*** Opening Source data ***
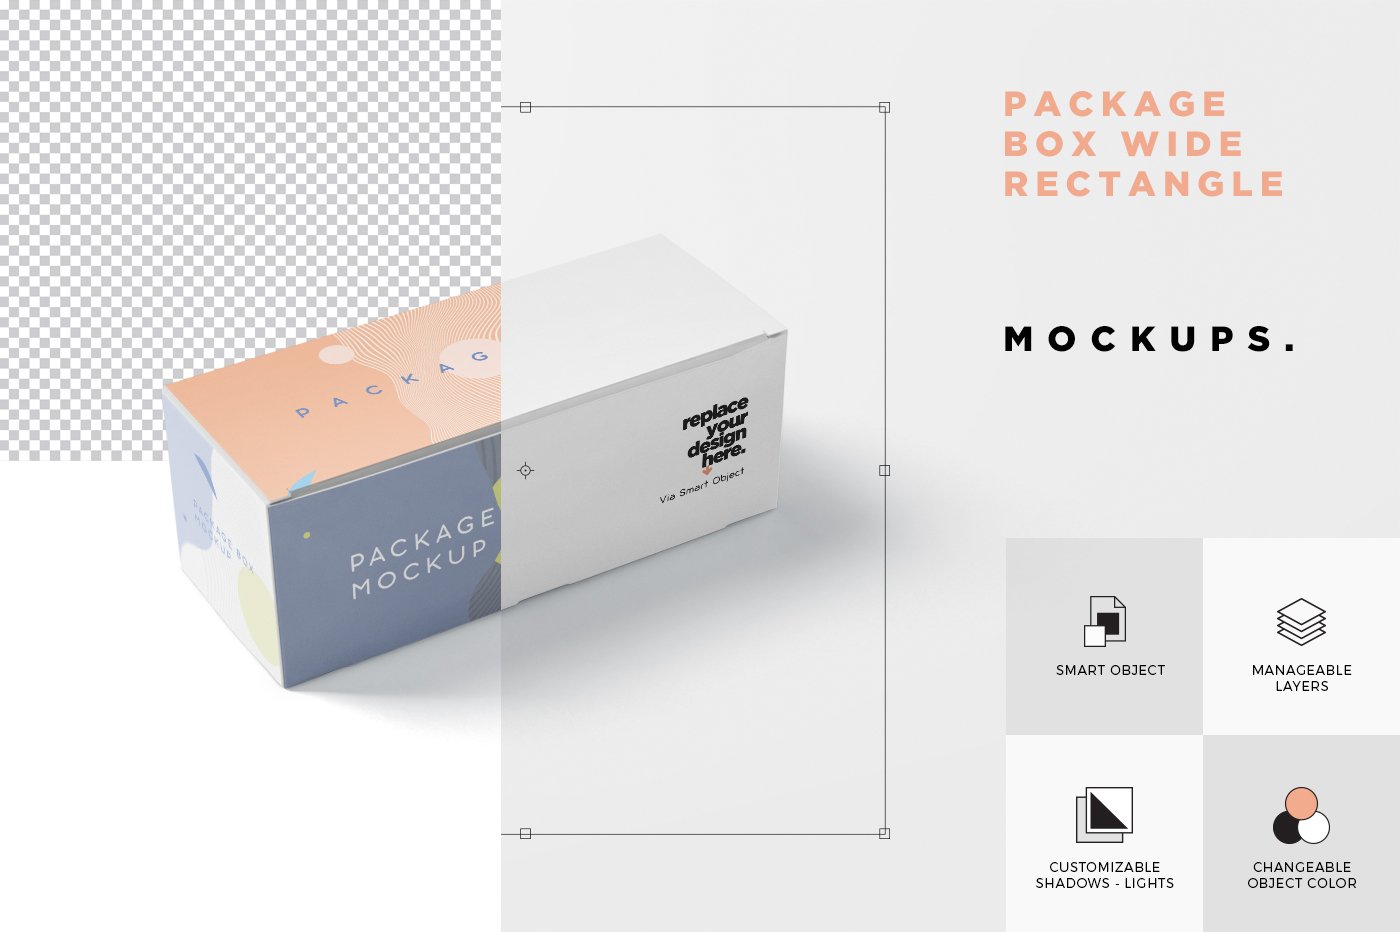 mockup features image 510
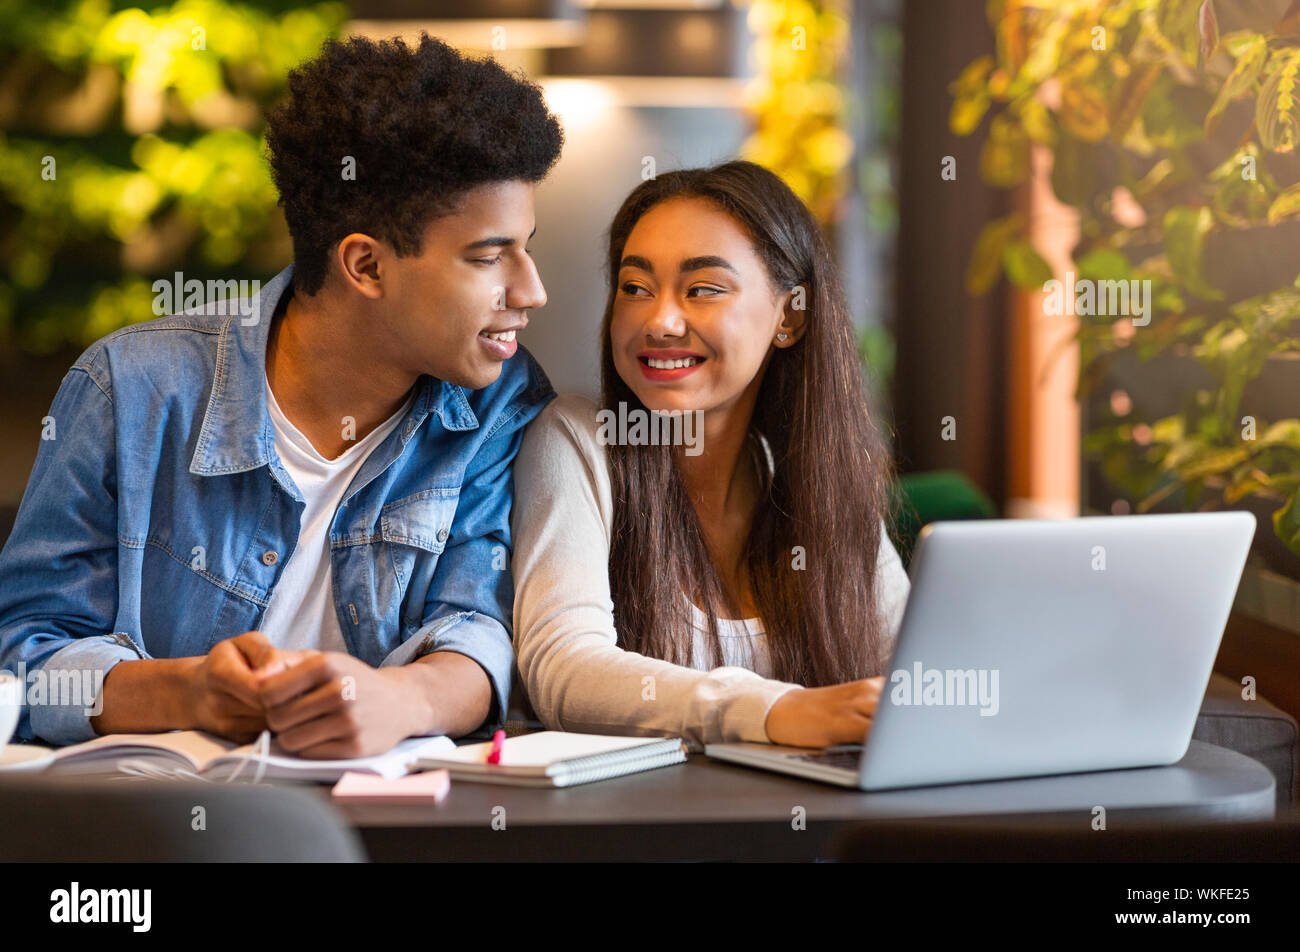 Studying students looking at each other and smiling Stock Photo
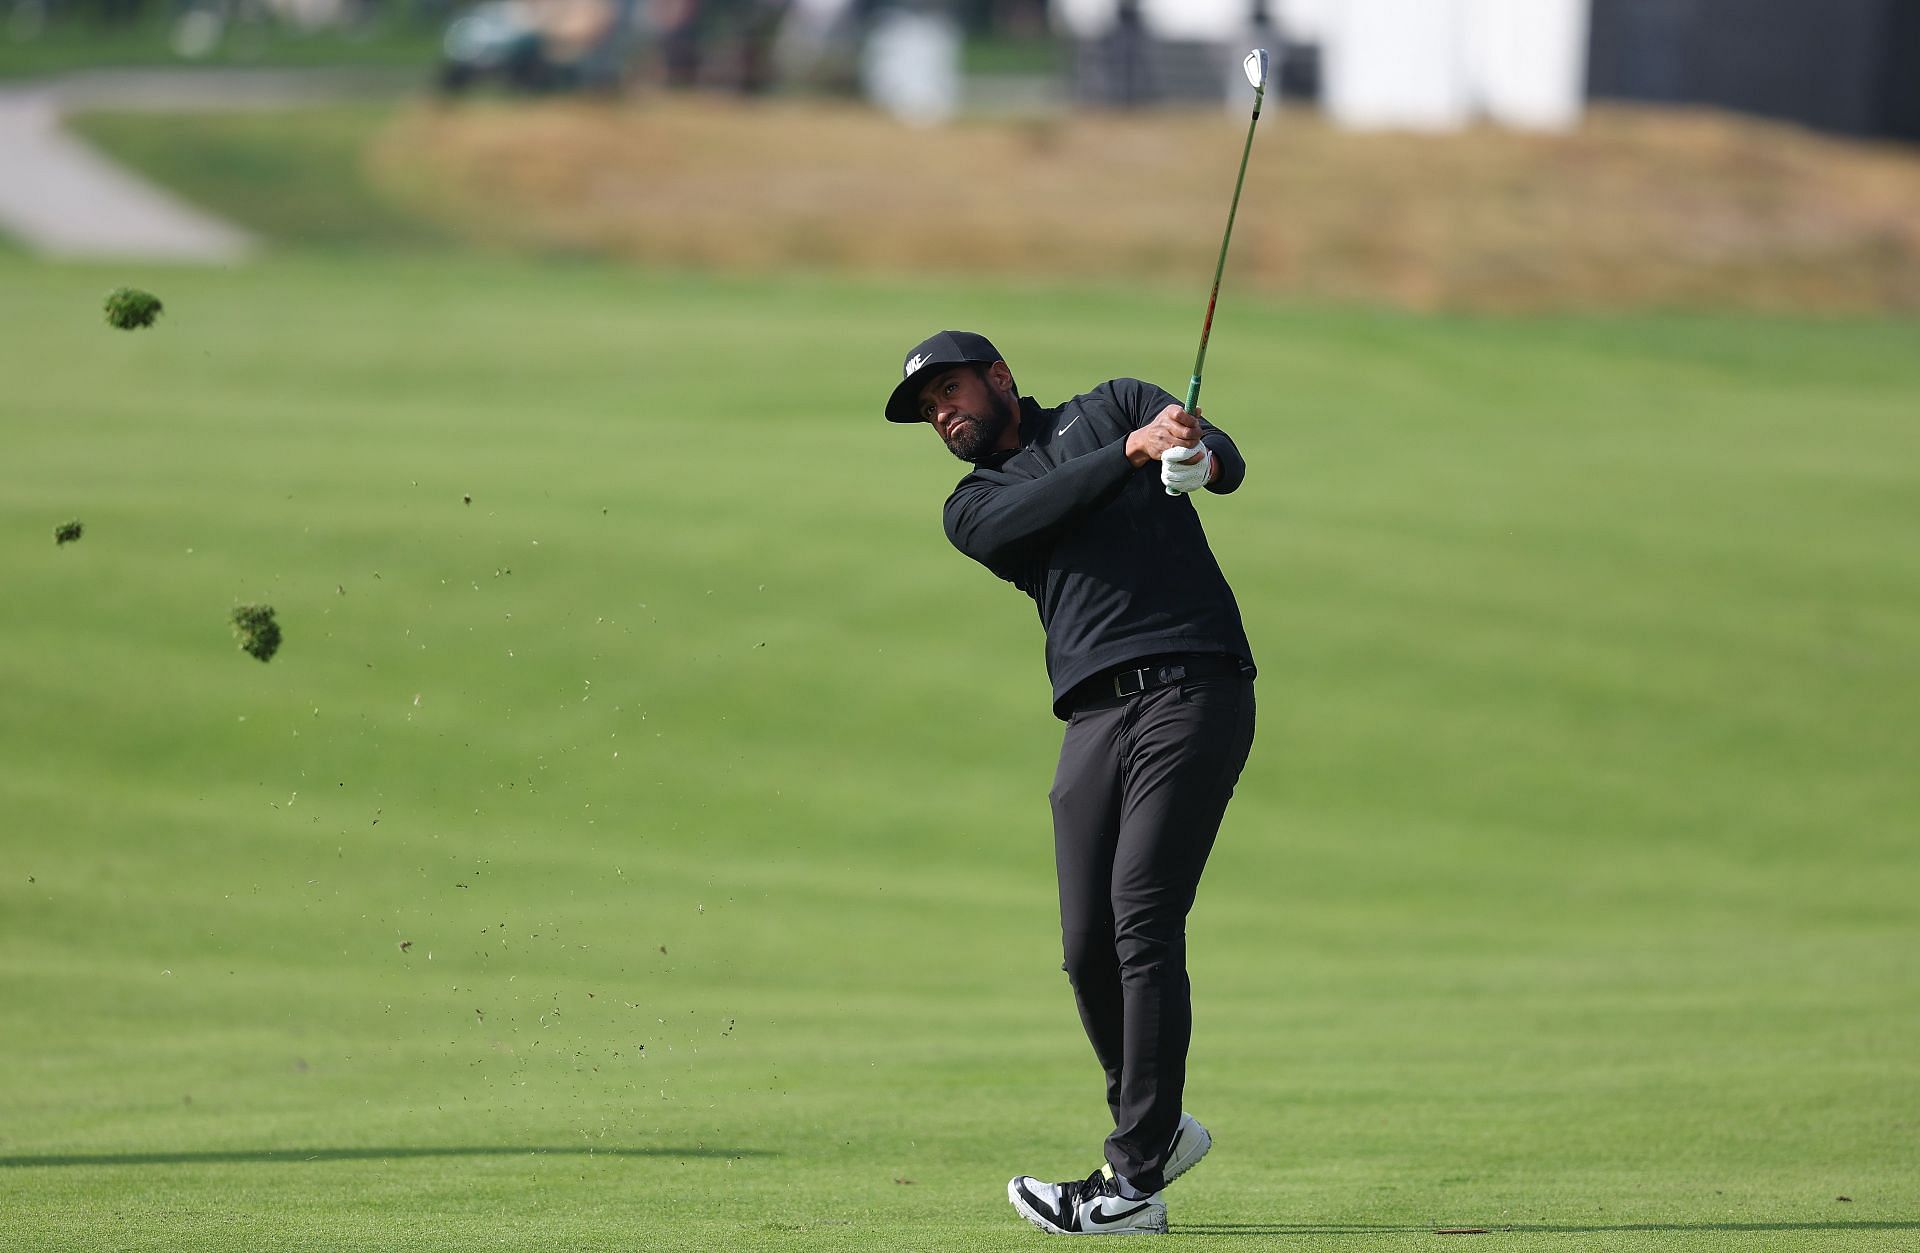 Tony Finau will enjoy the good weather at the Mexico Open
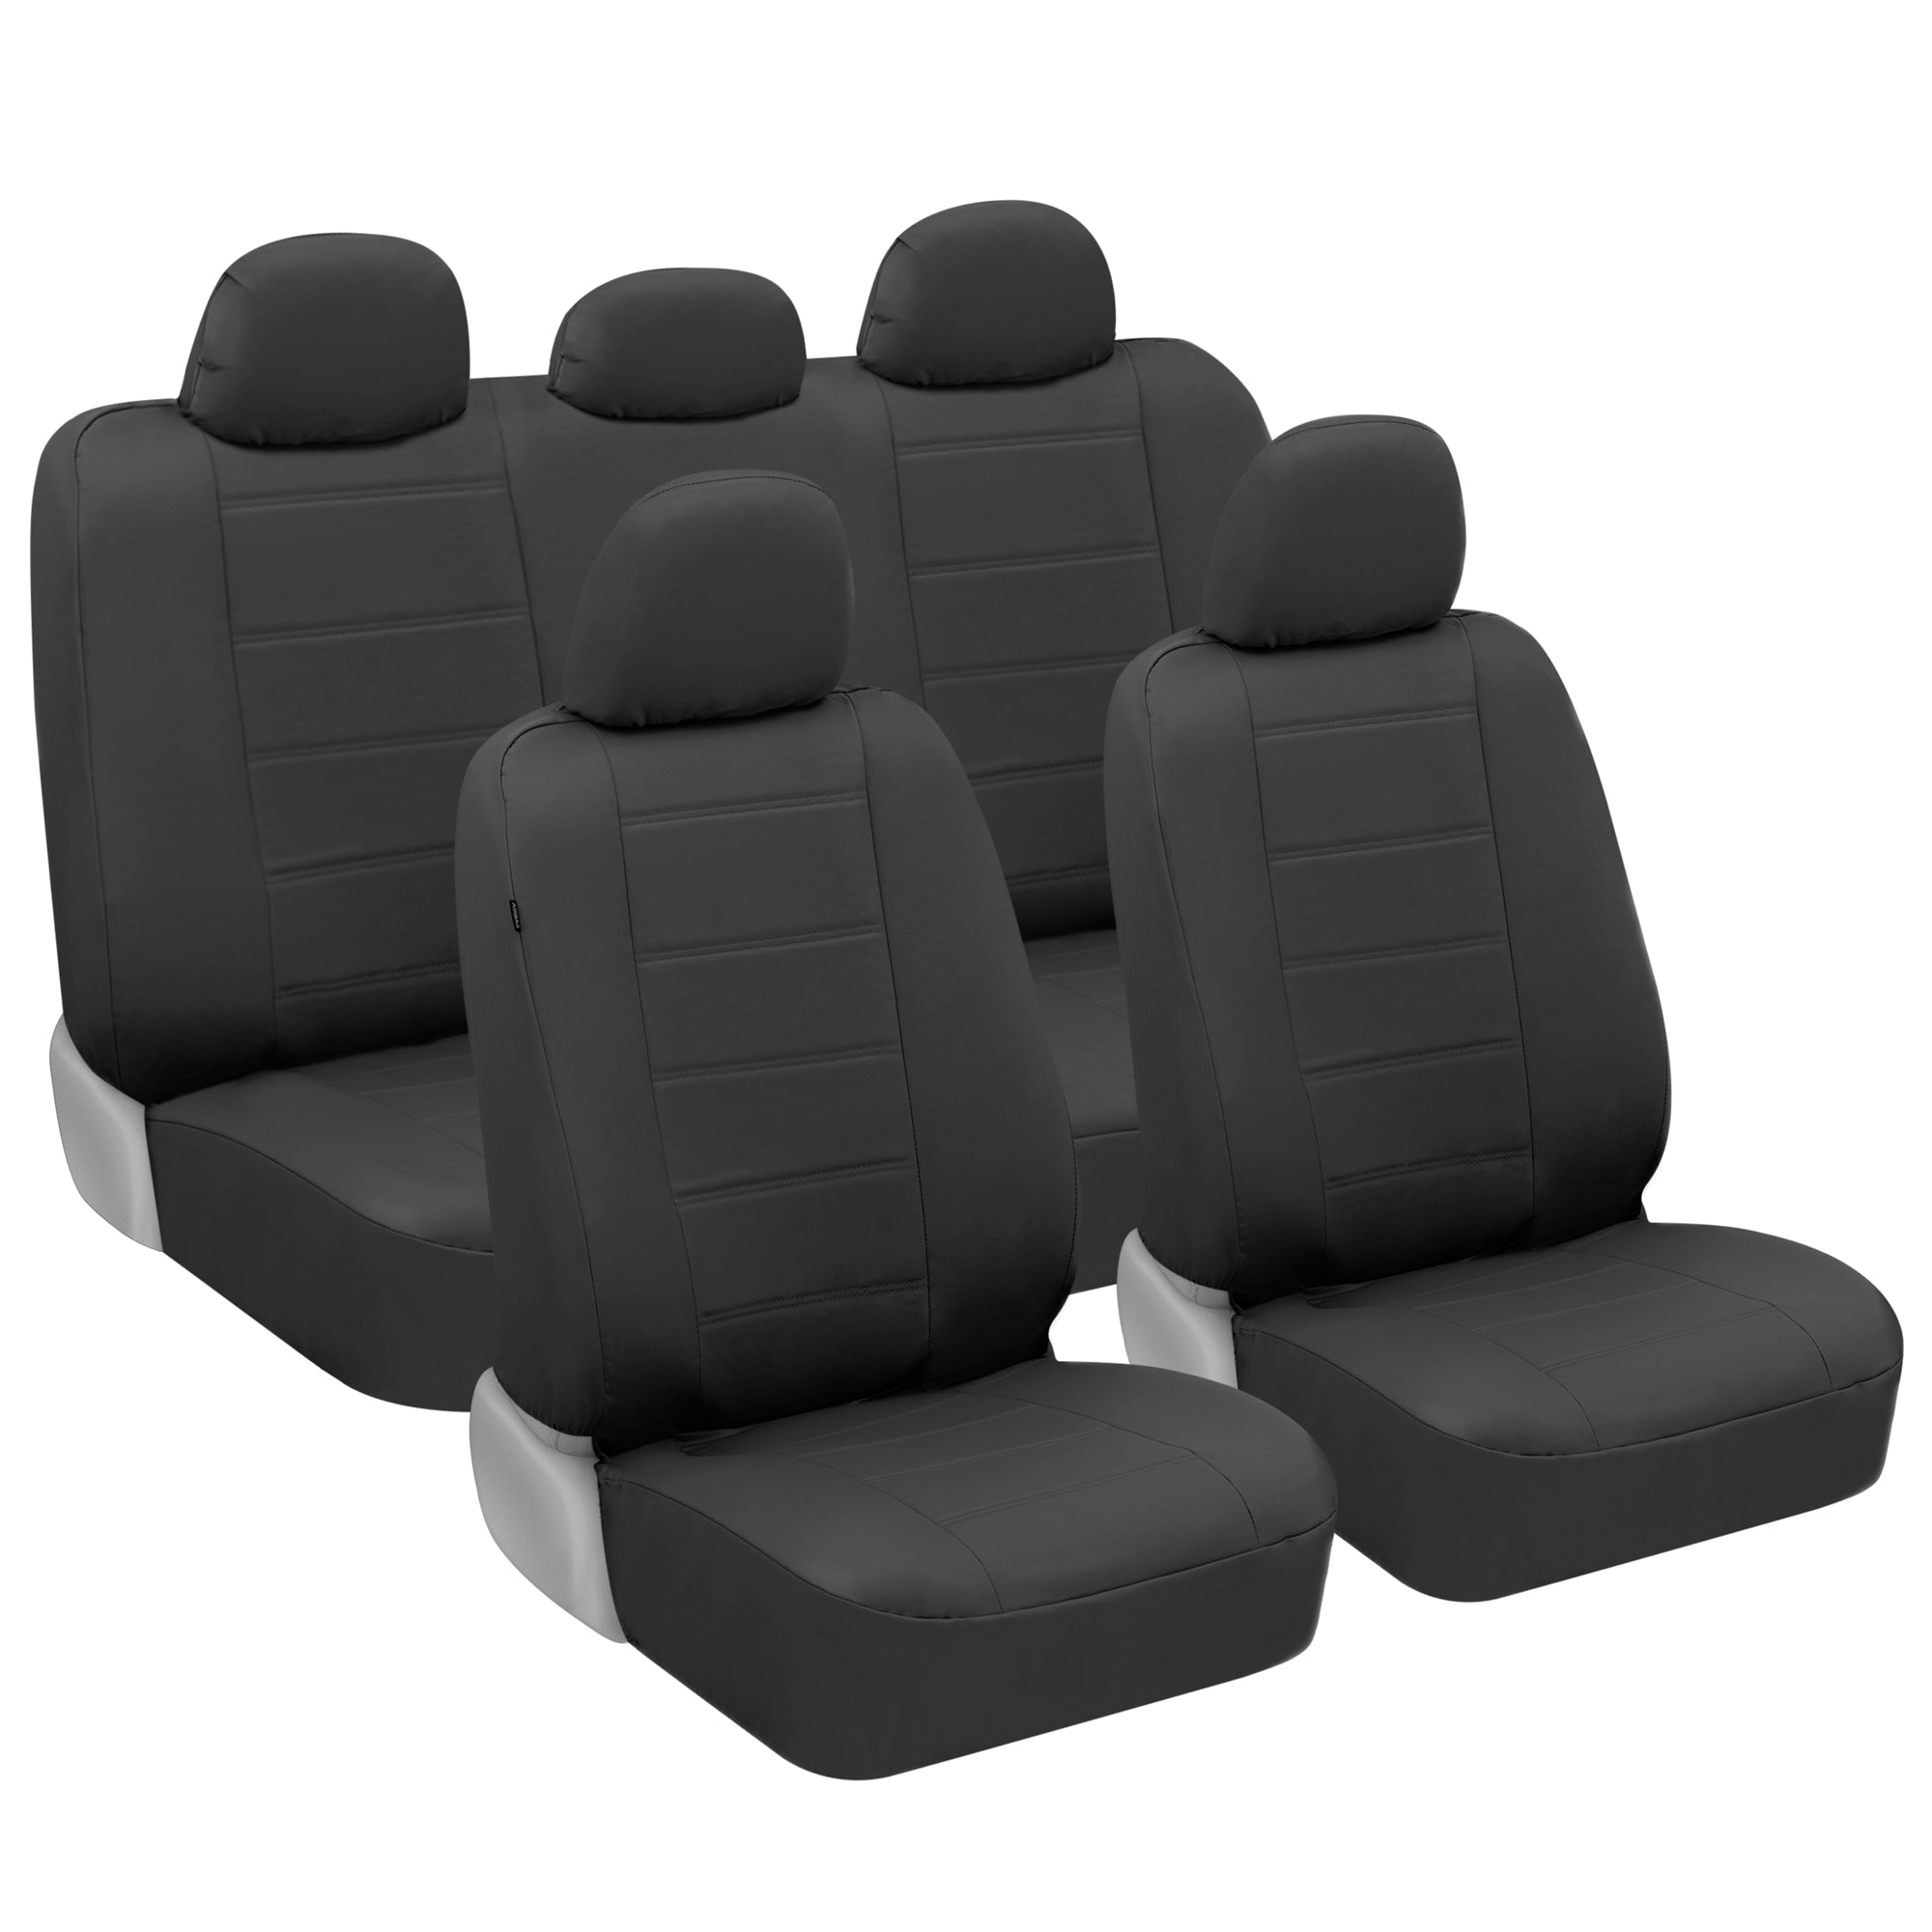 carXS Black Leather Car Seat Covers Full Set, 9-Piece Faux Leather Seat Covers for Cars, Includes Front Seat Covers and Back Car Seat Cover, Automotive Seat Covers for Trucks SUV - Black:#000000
*** Closing Source data ***
Instructions for the task: What is needed is a word-for-word copy of the data, minus its pictures.

Expected answer:
 mockup features image 510
 Studying students looking at each other and smiling Stock Photo
 Tony Finau will enjoy the good weather at the Mexico Open
 carXS Black Leather Car Seat Covers Full Set, 9-Piece Faux Leather Seat Covers for Cars, Includes Front Seat Covers and Back Car Seat Cover, Automotive Seat Covers for Trucks SUV - Black:#000000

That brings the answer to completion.